Alabama Work Release Transportation, Medical and Drug Screen Costs Not “Incidental to Confinement”

by David M. Reutter

Alabama’s Supreme Court has held that the plain language of § 14-8-6, Ala. Code 1975 does not prohibit the Alabama Department of Corrections (ADOC) from collecting, over and above the 40% threshold established by that law, costs that are not incidental to a prisoner’s confinement – including transportation costs and fees stemming from participation in the prison system’s optional work-release program.

The December 6, 2013 ruling came in a class-action lawsuit that challenged the ADOC’s deduction of more than 40% of prisoners’ gross earnings for costs associated with transportation to employment, laundering work clothes, drug-testing fees and prisoner-initiated medical visits. [See: PLN, May 2008, p.38; July 2006, p.35]. Pursuant to § 14-8-6, Ala. Code 1975, the ADOC is authorized “to withhold up to 40% of an inmate’s work-release earnings for costs ‘incident to the inmate’s confinement.’”

The ADOC contended that it could make deductions for costs associated with those services beyond the 40% statutory threshold because they were not “incident to” a prisoner’s incarceration. The plaintiffs in the class-action suit argued such costs were incidental, and thus not subject to additional withholdings.

The Alabama Supreme Court agreed with the ADOC, as the prisoners offered nothing to show that the ADOC’s definition of incidental costs differed from the statutory language. ADOC Commissioner Kim Thomas testified that costs of confinement include “Electricity, gas, water, repairs on the buildings, salaries of employees and benefits, food, processing food, transporting food, gas, paper products, health care, mental health care.”

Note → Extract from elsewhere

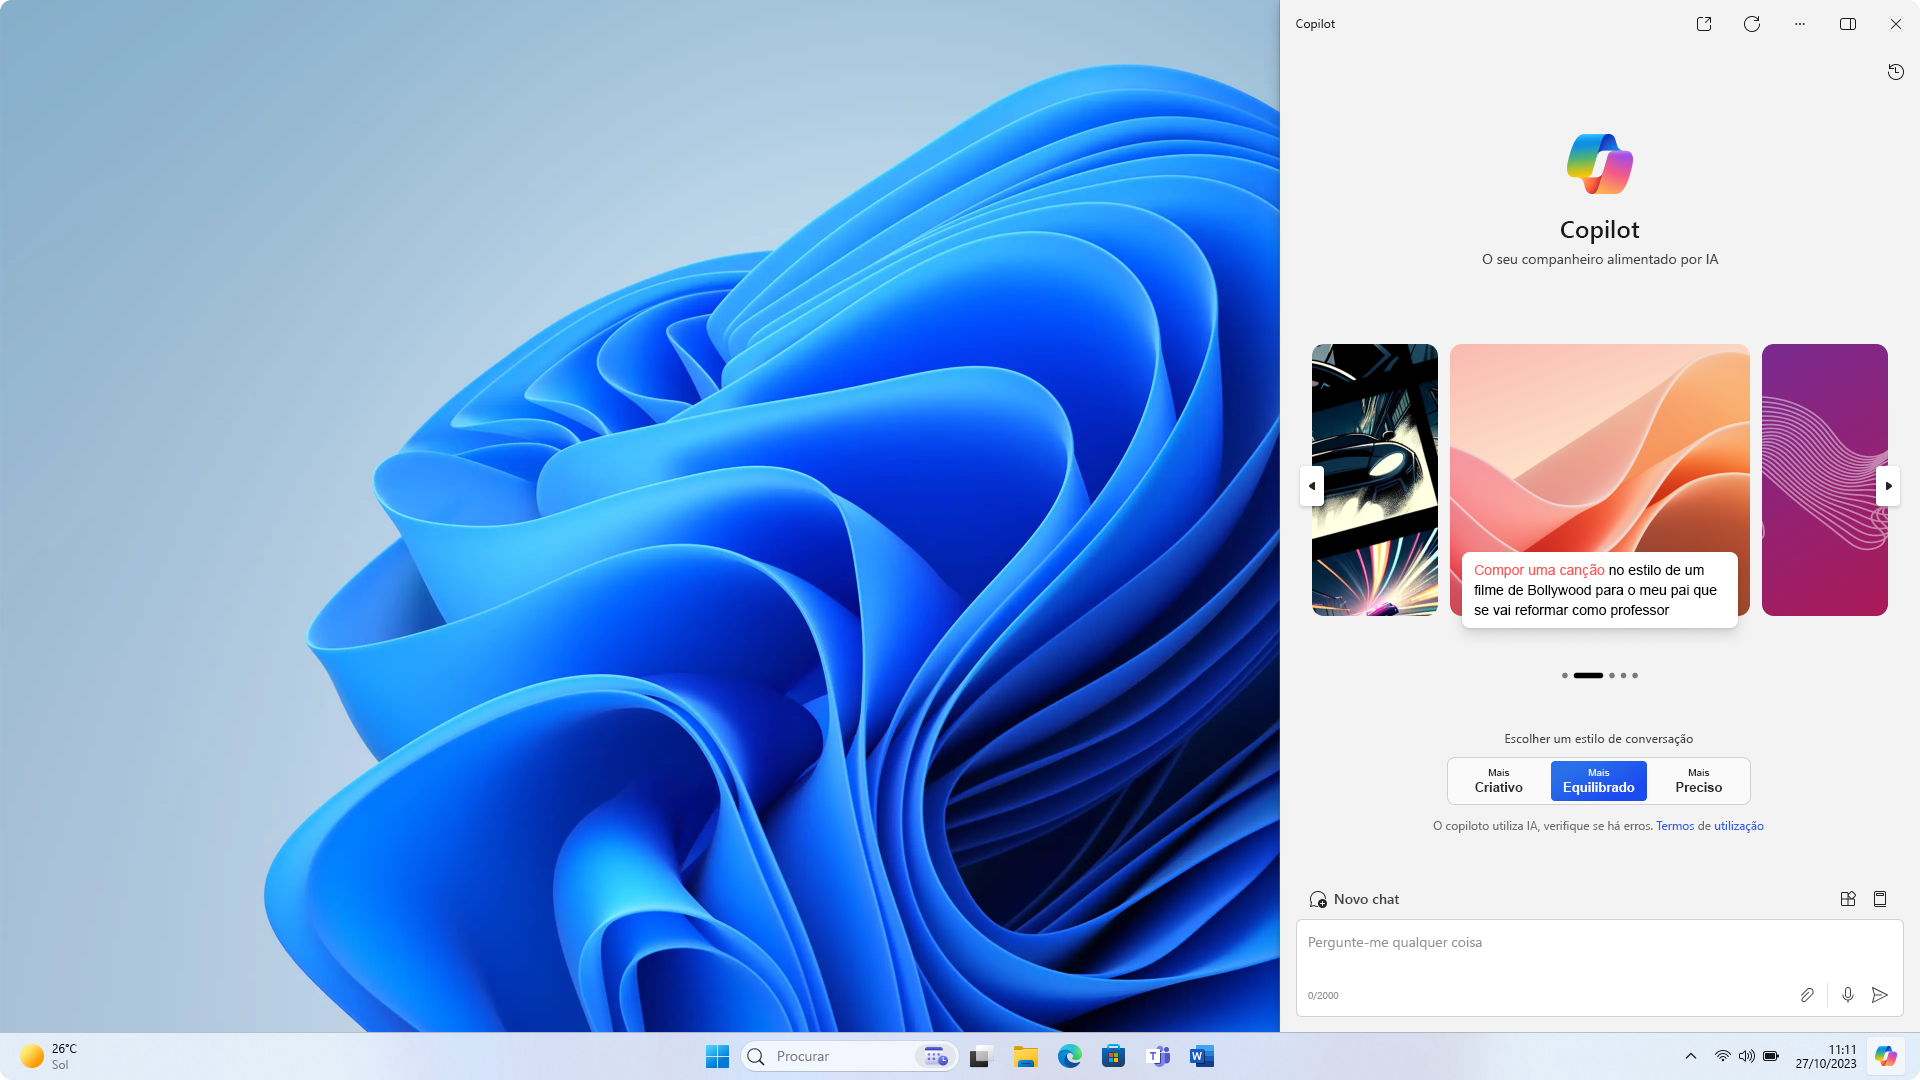 Captura de ecrã do ambiente de trabalho do Windows utilizando o tema claro com a aplicação Copilot no Windows apresentada, que corresponde ao tema.

Transportation fees for work release are “not related to the confinement itself,” he stated, but are fees that “relate[] directly to [the inmate’s] ... employment.” The Supreme Court agreed, finding work release transportation costs are related to the prisoner’s “decision to participate in a voluntary program offered by” the ADOC.

Fees for drug tests, which cost $31.50, are charged only if the prisoner tests positive for illegal drug use on a prison-administered drug screening and the positive result is subsequently confirmed by “a free-world laboratory.” The $3.00 medical co-pay for self-initiated prisoner medical visits is determined by medical staff, and intended to discourage “malingering.”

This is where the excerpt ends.